I started to learn to fly when I was eighteen. I had seven lessons. Then I stopped.
Over the decades since that time I often pondered why I didn’t continue. It was easy to blame lack of money, or time, but I had a niggling feeling that perhaps there was a serious deficiency in my psychological makeup, a lack of “moral fibre.” Perhaps I was just too chicken.
With this momentous existential question hanging over me for several decades (no doubt impeding my progress towards Nirvana), I decided to try again.
Flying instructors are renowned for their sanguine qualities. “Anyone can learn to fly” was often stated in my early days, a mantra not entirely comforting. Sometimes I felt I regressed with each lesson. Occasionally there was a glimmer of hope. I’ve never been a brilliant dancer and I often equated trying to land an aeroplane with executing (unfortunate choice of words) a fast waltz, whilst simultaneously doing that tummy rubbing-head-patting thing and whistling “Also Sprach Zarathustra.” All this done on ice, backwards, with my eyes shut.
Slow though my progress was, nevertheless, progress it was and as my hours mounted up, I began to realise that the day was approaching. The S word!
Instructors have this little ritual. For hours they sit beside their students, enduring the tedium of a procedure innocuously termed circuits. Here the student coerces the aircraft off the ground, steers a course around the airport and attempts to land correctly. Then, without stopping, the aircraft is again persuaded to take off and the whole manoeuvre is repeated and repeated.

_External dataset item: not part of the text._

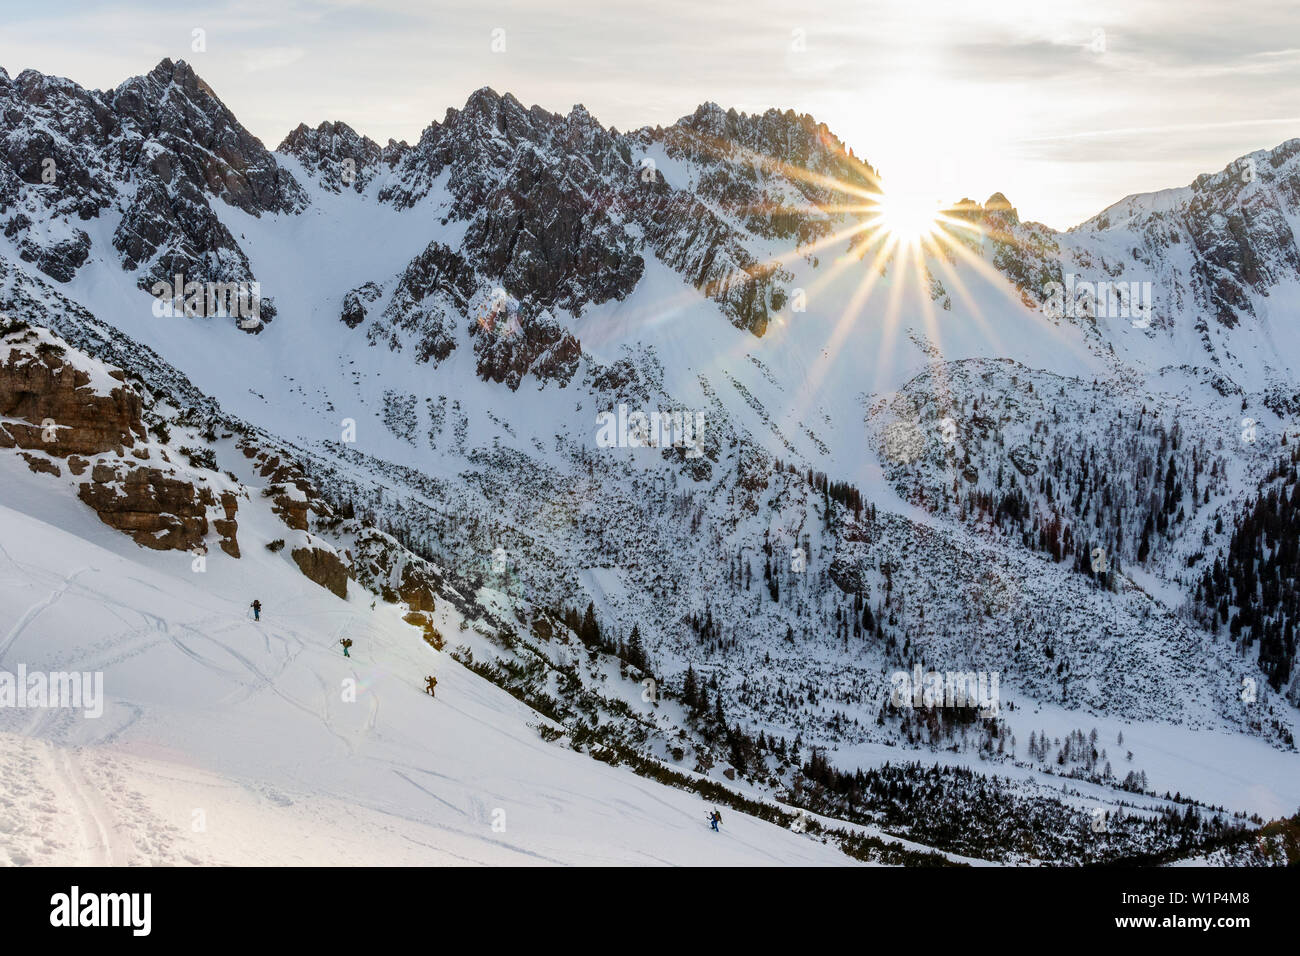 Gruppe von skitourengeher Aufsteigend einen Berghang auf Skiern, Scharnitz, Tirol, Österreich Stockfoto

Back to the ritual. Something alerts the instructor that perhaps the student is capable of doing a circuit alone, with a reasonably good probability that the aircraft will be still flyable afterwards. Possibly it happens when the student recites correct landing checks rather than the Lord’s Prayer, or it could be that the latter’s deodorant is ineffectual. Whatever the motivation, the instructor waits until the aircraft has touched down and instead of uttering, “full power,” it’s “stop here and I’ll get out.”

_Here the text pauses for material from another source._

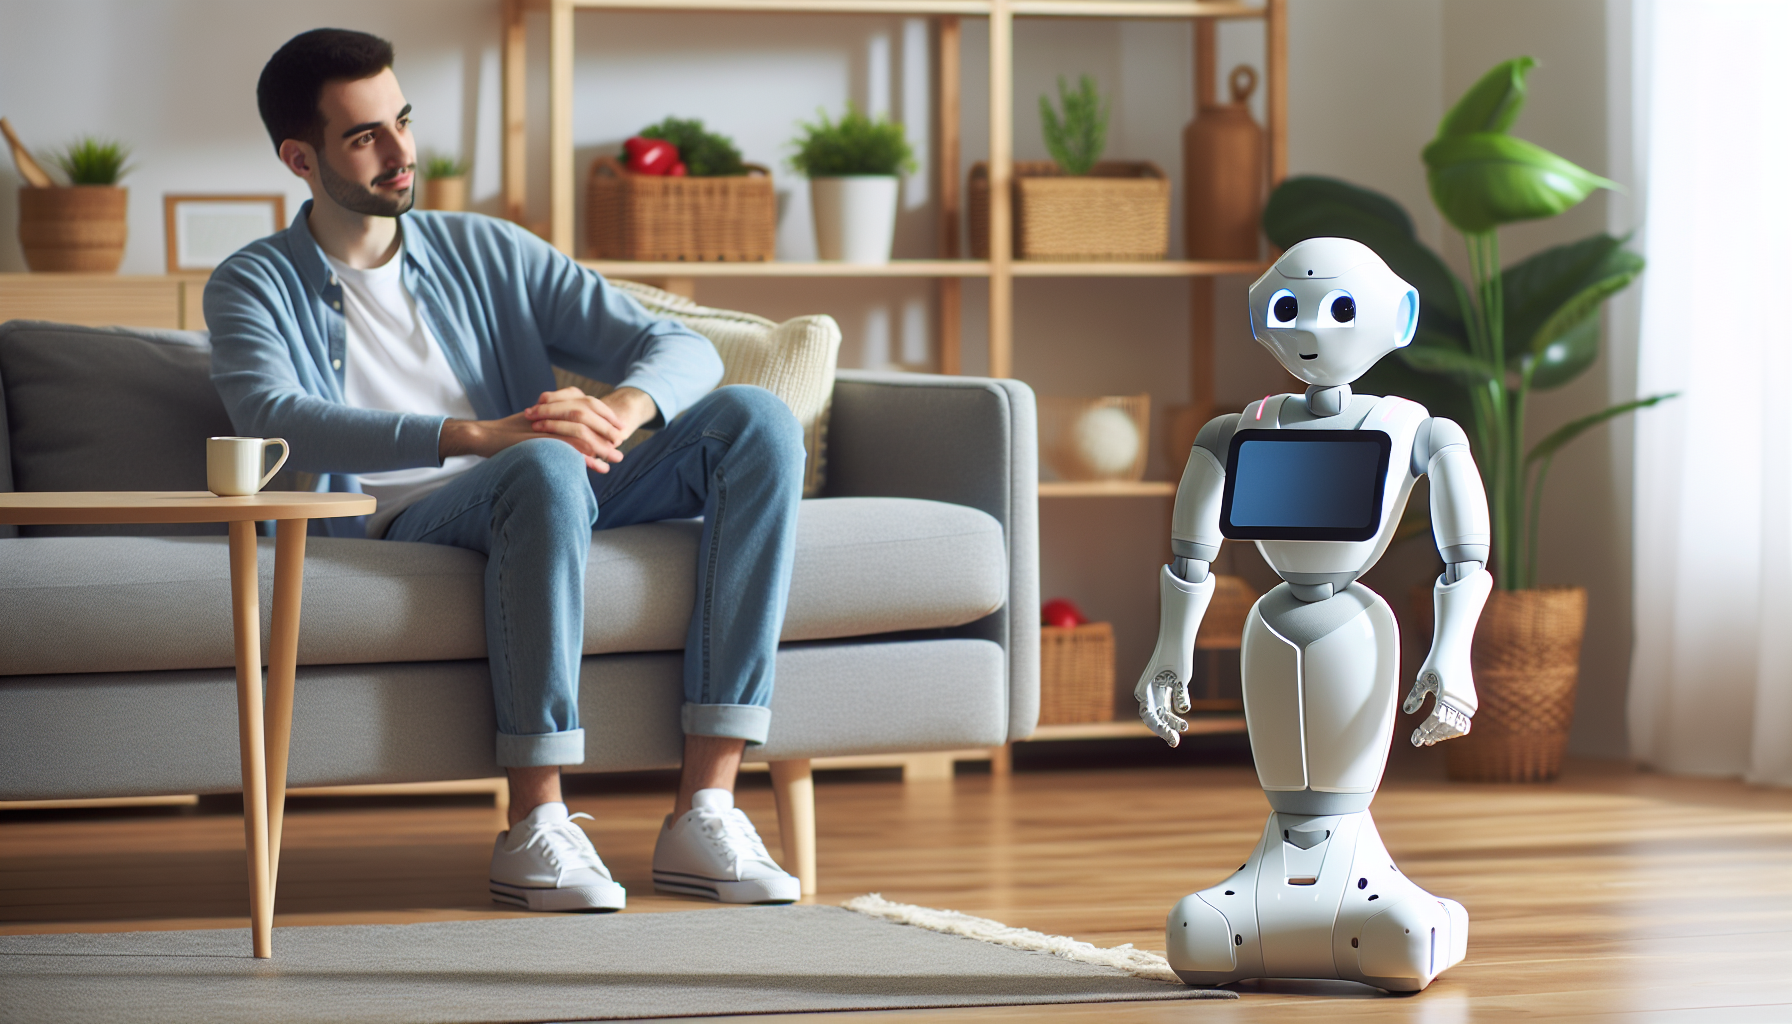 scopri tutto su Pepper, il robot sociale di Softbank: le sue caratteristiche, il suo utilizzo e il suo impatto sulla società.

Get out? We’re in the middle of the runway! Arrggh it can’t be!
For me, after an initial feeling that I wasn’t ready, a feeling of detachment came over me and then, as I lined up, a huge sense of euphoria. The control tower operator, who had been let in on the idea that a student was to be let loose in his domain, told me to “hold.”
After a very long hold came the clearance to take off.
Full power. Rolling. Right rudder to stop the aeroplane making a beeline for the passenger terminal and it’s climbing. Funny how the absence of a 90kg instructor with heavy sarcasm frees the aircraft. It’s climbing so quickly. Check forward, ease throttle, trim, turn left, check brakes, undercarriage, mixture, fuel, harnesses and hatches. Hey, there’s nobody beside me. Freedom! Call the tower.
“Foxtrot November Victor, um, downwind grass um 18, full stop.”
Yes! The rich, eastern accent reaches out to me over the ether.
“Foxtrot November Victor. Grass 18. Clear to land.”
“Foxtrot November Victor. Cancel . Continue downwind.”
Continue downwind for more than a few seconds means going away from the safety of the much practised routine. Distances and heights will be unfamiliar. Come on, where’s the landing clearance?
Look left. There’s the end of the runway. Straight ahead is Hamilton, Then Auckland, Then the Pacific,——-Fiji? Better slow down. Throttle back. 1600 revs. Carb heat on. Trim.
Silence. Perhaps the radio has just died. Come on!!!
“Foxtrot November Victor. Grass 18, clear to land.”
“Cleared to land-um grass 18, Foxtrot November Victor.” Or something like that, uttered through a desiccated larynx.
Turn left. Now it doesn’t want to descend. Less power, full flaps. Point at the runway. Funny how long it’s taking. Of course, there’s a strong southerly. 300 feet, carb heat in. (Great, I usually forget that). Trim OK. Yep, still pointing in roughly the right direction. Speed 70, too fast. Nose up. Speed 60. That’s better. Think I’m too high. Throttle off, there’s the threshold. Let it sink. Hold off. Hold. We’re down.
“Foxtrot November Victor, taxi right to club…………..congratulations.”
Bugger radio protocol. “Thanks.”
Ever had an irrepressible smile?
Feelings about being alone in an aircraft for the first time.